In his “Monday Mornings” series, visual artist Billy Foshay turned to email as a storytelling medium, connecting to subscribers with photo and narrative.
Billy Foshay, CSOM ’16, would slip off into Manhattan on lunch breaks, his camera in his briefcase. He’d spent the summer working eight-hour workdays at Alliant Insurance, commuting two hours into New York City from Mendham, N.J., and then again, two hours out. The insurance industry is an unlikely fit for a burgeoning artist, but for Foshay, it meant time and space to photograph the city and to write.
Foshay began a newsletter in August to develop an audience for the work he was doing in New York. The “Monday Mornings” series pairs photos with short stories, sending out an issue to subscribers via email at the beginning of every work week. The concept was inspired in part by BC Streak, a newsletter that sends out early morning news to Boston College students. Foshay saw BC Streak’s marketing service Mailchimp as ideal for artists, and adopted the platform to handle “Monday Mornings.”
“People didn’t have to be completely active,” Foshay said. “When you sign up for something like this, you don’t have to take an active role in it. If you want to read it, you can read it, and that’s really where it came from.”
Foshay’s concept for “Monday Mornings” was to embellish the mundane. In one case, Foshay happened upon a mailman on one of his daily wanderings, this time in Boston. Starting with a photo of the stranger, Foshay began stringing together a narrative—Who was this man? What did he love? What was his life like growing up?
He imagined this mailman to have a disguised passion for history, writing of how the mailman would dance alone in his room as a teenager, historical texts flapping in his hand. But then, life set in, and he was left spending his adulthood speculating what might be in the envelopes he delivers.
“That’s a parallel to my life—for me, I find myself in the business school,” Foshay said. “When I came in, that’s what I thought I wanted to do, and now I feel stuck in it. I’m going to finish it out, but at the same time, there’s part of me that wants to break out: that’s me being the mailman.”
Foshay received his first camera—a Canon Digital Rebel XSI—in seventh grade, but only began to take photography seriously after taking Photography I with the fine arts department. It was Issues and Approaches to Studio Art with Sheila Gallagher that ultimately led Foshay to begin assessing his hobby more conceptually, and he adopted new mediums, like short story and film, to match with his photography.

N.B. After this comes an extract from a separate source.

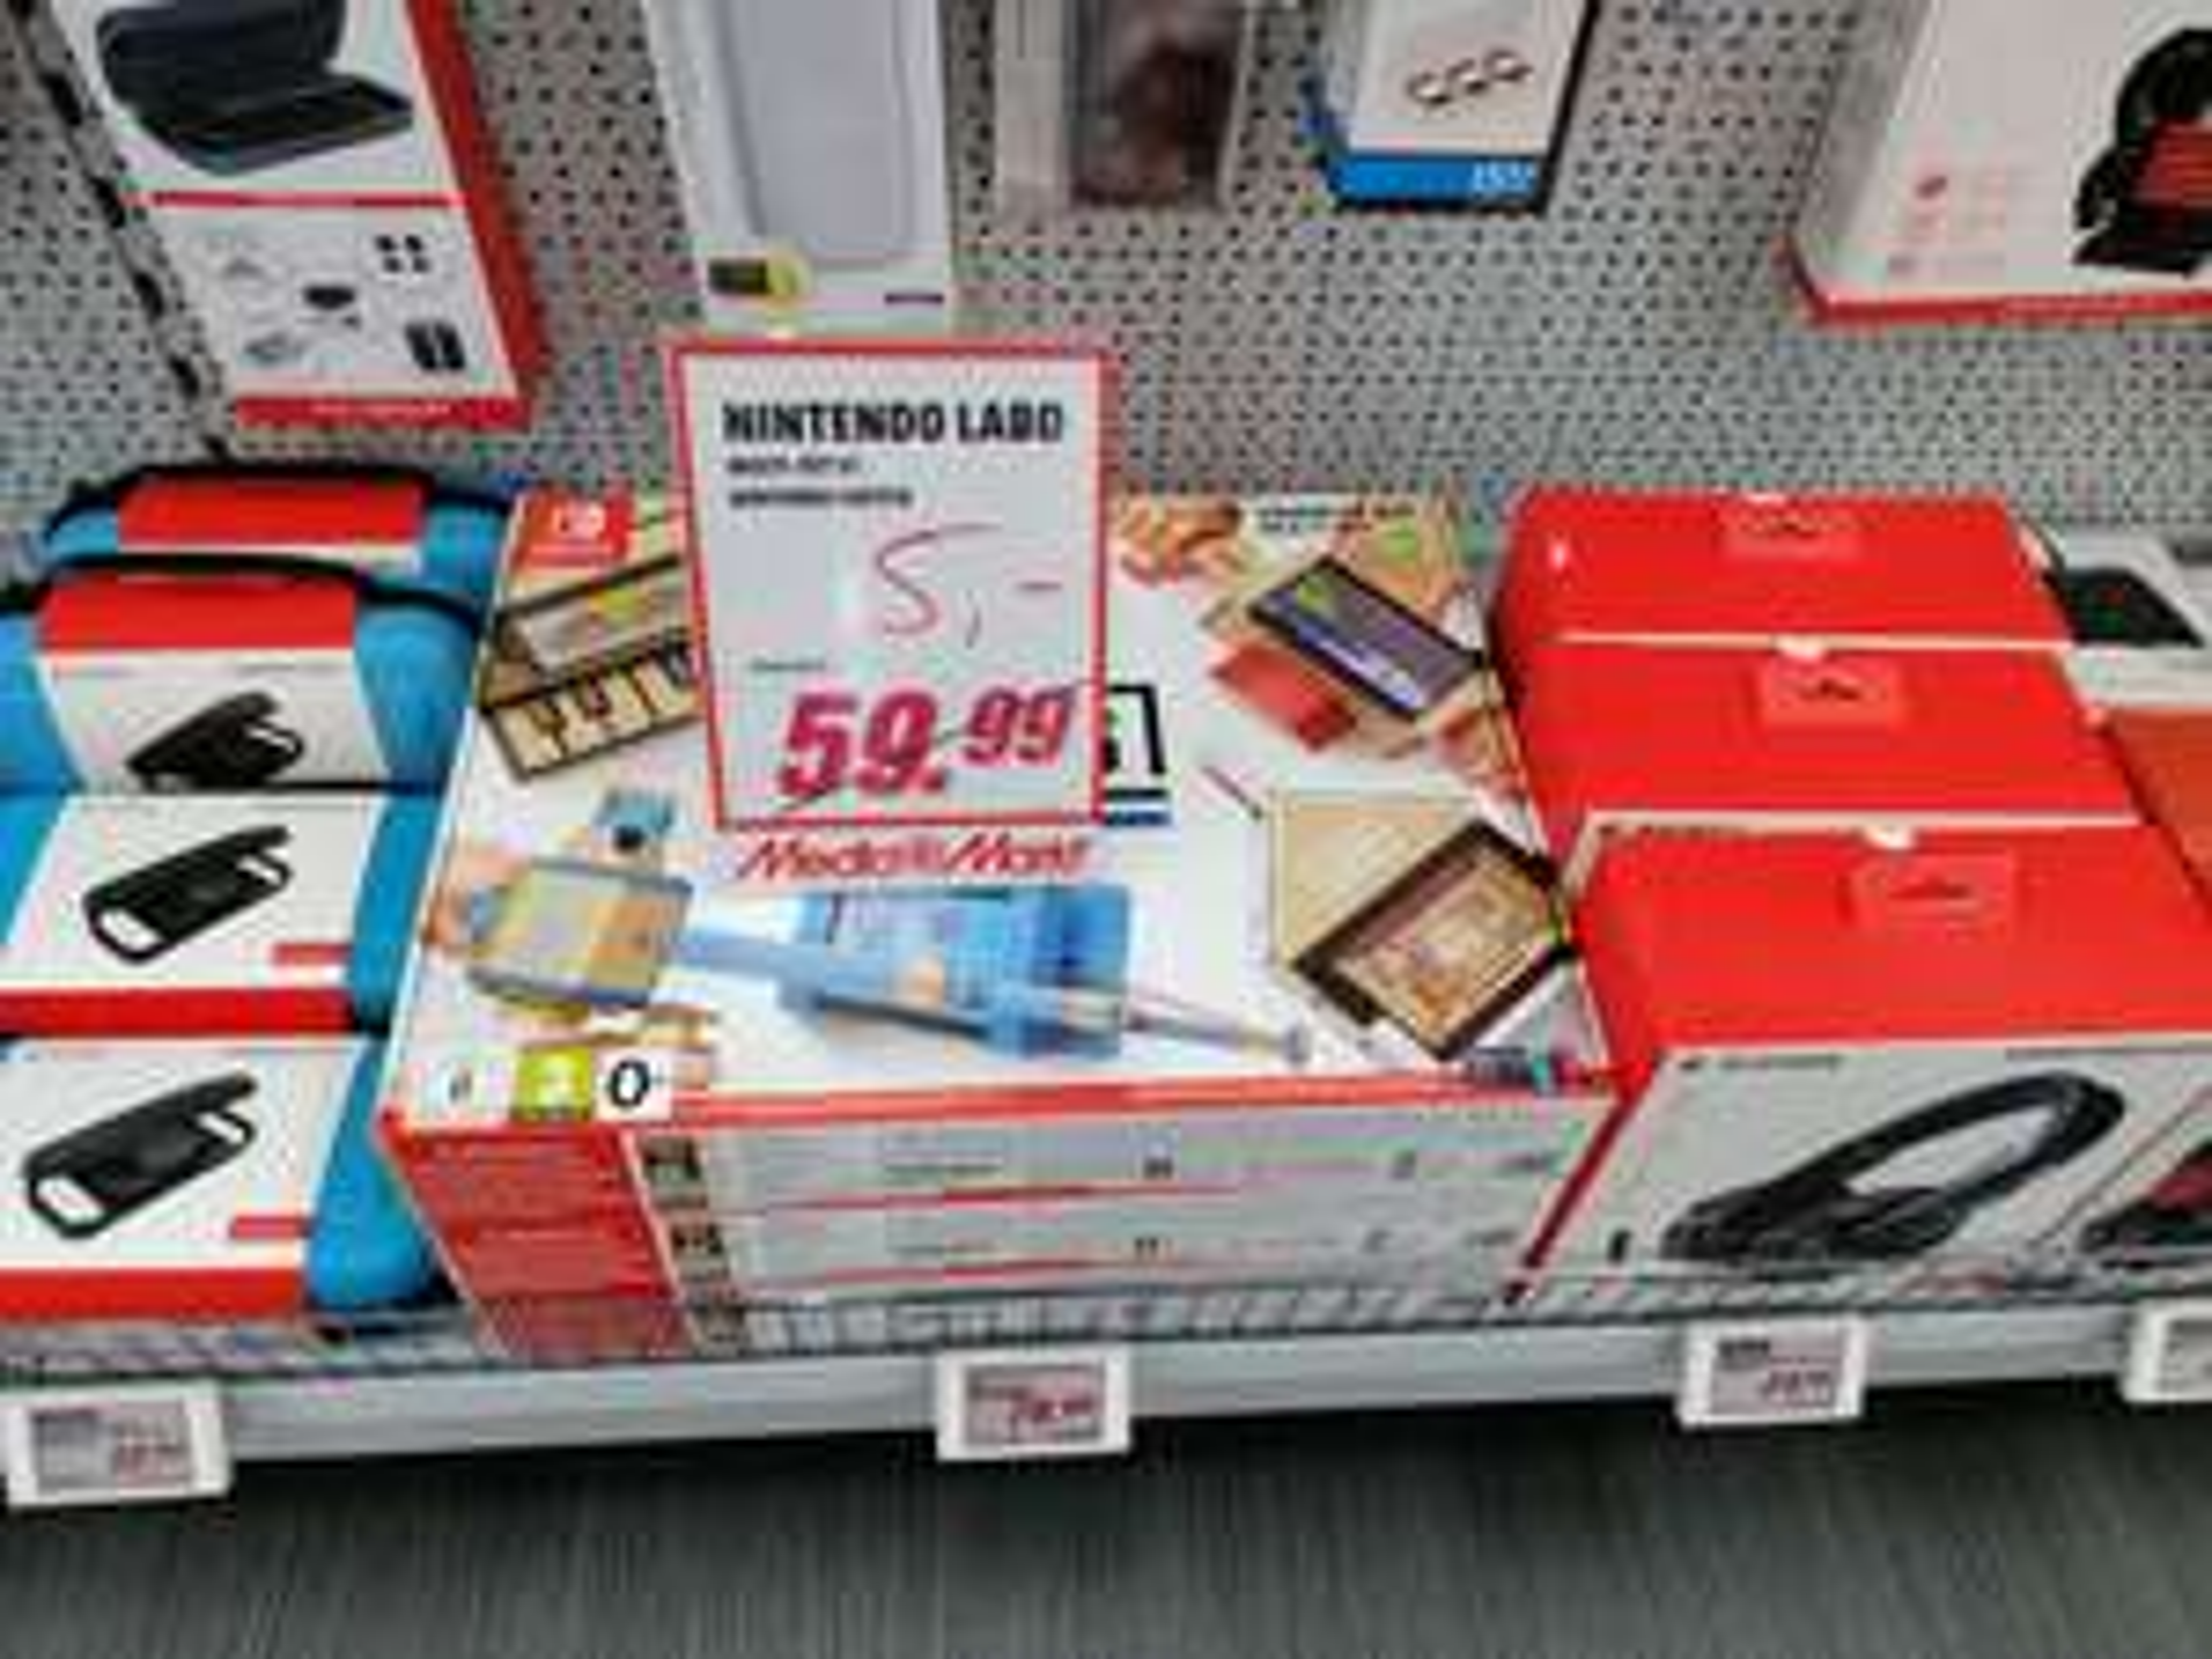 Nintendo Labo Toy-Con 01 Multi-Kit (Lokal Media Markt Peine)

Last semester, Foshay and friend Max Prio, CSOM ’16, started Exposure Productions, a small media company dedicated to showcasing University student groups and pooling resources to create independent films at BC. The recent emergence of artists like Foshay and Prio—fueled in part by the new media technologies that make it easy to share photography and film over the web—is representative of a larger push by undergraduates in the fine arts department to elevate the role of visual art at the University.
“It’s an underutilized department,” Foshay said. “Maybe it’s happened before, but I’m seeing people get very excited about [fine arts], and I think it’s an up-and-coming thing at BC. There are a lot of people pushing for it.”
So far, the response to “Monday Mornings” has been stronger than expected for Foshay, who thought the project might develop a passive following, but never anticipated how much he’d hear back on it. The platform for his work in particular has attracted a fair deal of attention from other artists.
“Right now, it’s about creating an avenue for other artists,” Foshay said. “If I build this to, low-realm, 1,000 people, I can feature other people’s art. It’s about creating a platform for these people who would normally not be seen.”
Foshay plans to continue “Monday Mornings” for at least a year, and republish that first year of issues as a book. The next year would mark the beginning of a new series. For now, he plans to keep his work free for whoever’s interested.
In its first five issues, the series has focused particularly on architecture—doors, walls, and windows—and pairing these common architectural items stories of working-class people, their eccentricities and tics.
“It’s such a derivative of your identity—what you think lies behind a wall, and then what you choose to write about,” Foshay said. “I wrote about a woman who sits behind it painting all day, how peaceful that might be.”
A pause. “I just think that’s part of who I wish I was.”